The following question comes from an old friend, John Baez. John is a renowned mathematical physicist and internet guru. You should look at his website and his blog for an enormously informative and entertaining survey of mathematics and physics.

My reply is here.

MK

Hi! Why is Spec(Z) 3-dimensional?

I think I understand what the number theorist James wrote in response to “week257” of This Week’s Finds:

“Instead of considering Z, let’s consider F[x], where F is a finite field. They are both principal ideal domains with finite residue fields, and this makes them behave very similarly, even on a deep level. I’ll explain why F[x] is three-dimensional, and then by analogy we can hope Z is, too. Now F[x] is an F-algebra. In other words, X = Spec(F[x]) is a space mapping to S = Spec(F). I already explained why S is a circle from the point of view of the etale topology. So, if X is supposed to,be three-dimensional, the fibers of this map better be two-dimensional. What are the fibers of this map? Well, what are the points of S? A point in the etale topology is Spec of some field with a trivial absolute Galois group, or in other words, an algebraically closed field (even better, a separably closed one). Therefore a etale point of S is the same thing as Spec of an algebraic closure Fbar of F. What then is the fiber of X over this point? It’s Spec of the ring Fbar[x]. Now, *this* is just the affine line over an algebraically closed field, so we can figure out its cohomological dimension. The affine line over the complex numbers, another algebraically closed field, is a plane and therefore has cohomological dimension 2. Since etale cohomology is kind of the same as usual singular cohomology, the etale cohomological dimension of Spec(Fbar[x]) ought to be 2.
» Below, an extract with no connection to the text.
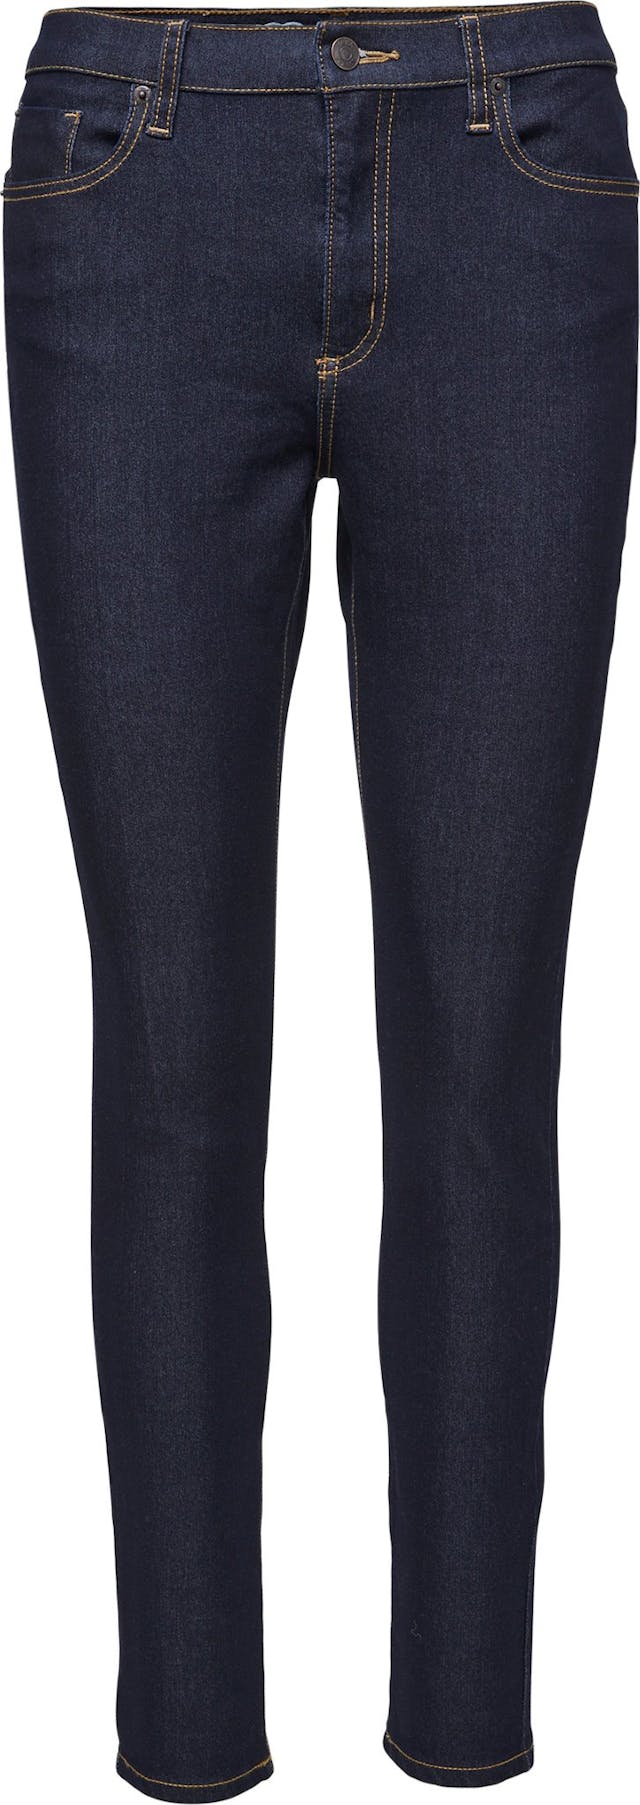 Product image for Rachel Rise Skinny Jeans 30" - Women's
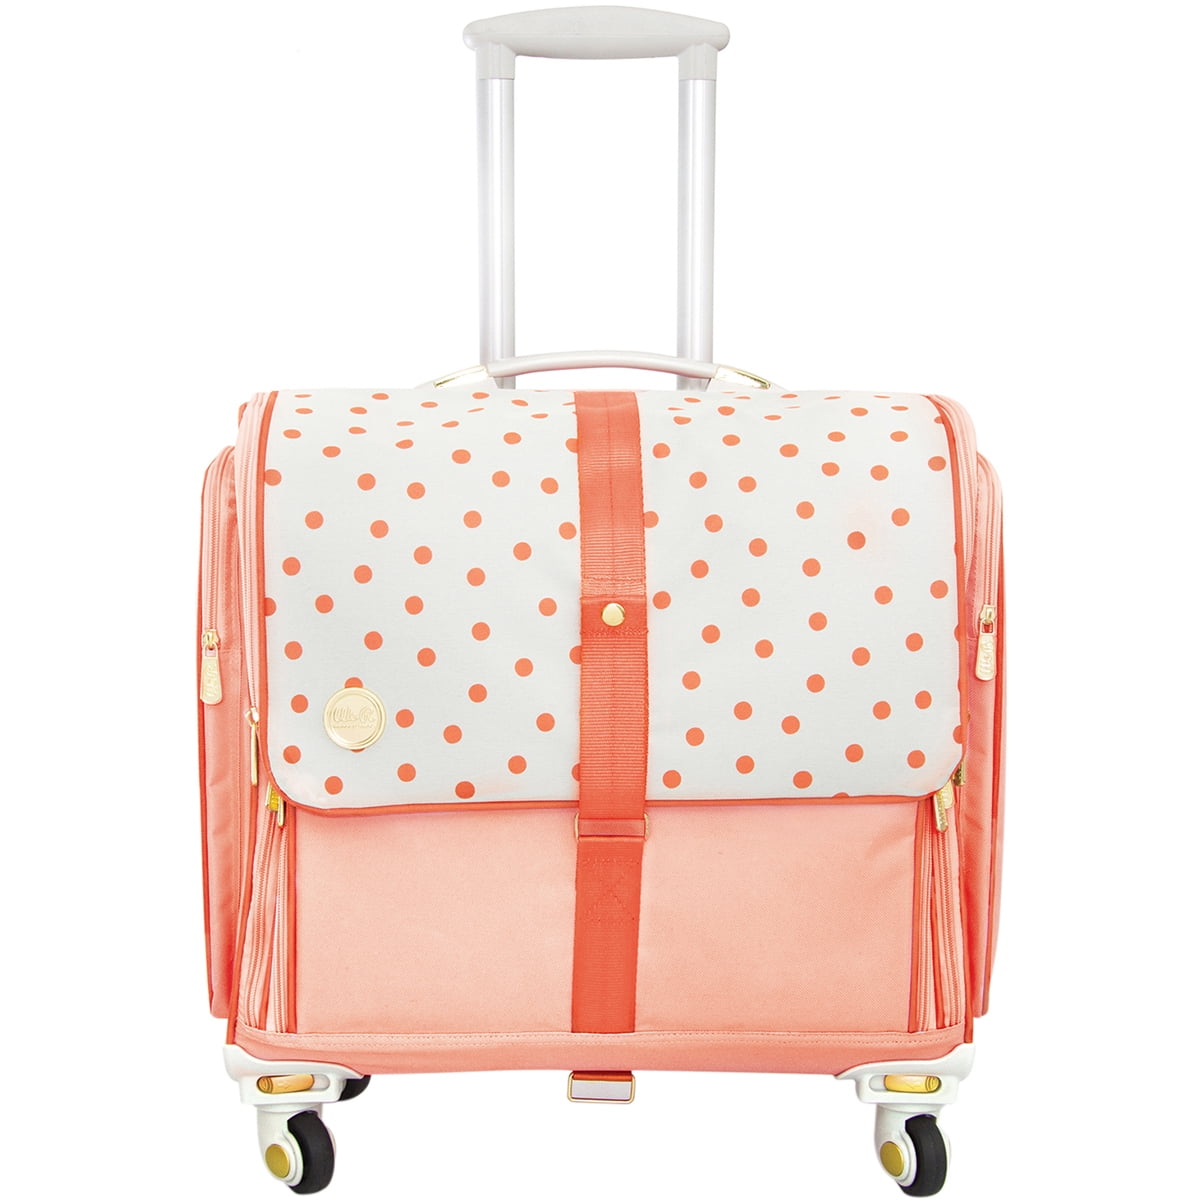 360 Crafter's Rolling Bag-Blush Dot, Pk 1, We R Memory Keepers

Therefore X looks like a 3-manifold fibered in 2-manifolds over Spec(F), which looks like a circle. Back to Spec(Z), we analogously expect it to look like a 3-manifold, but absent a (non-formal) theory of the field with one element, Z is not an algebra over anything. Therefore we expect Spec(Z) to be a 3-manifold, but not fibered over anything.”

But, it would be nice to go a bit deeper than mere “reasoning by analogy with Fbar[x]”, without yet diving into a full-blown calculation of the etale cohomology of Spec(Z). Can you say anything that’s helpful and fun? related question is this. Nowadays various people are making serious attempts to define the field with one element and do algebraic geometry over this field. With these, Z *is* an algebra over the field with one element. How much does this help?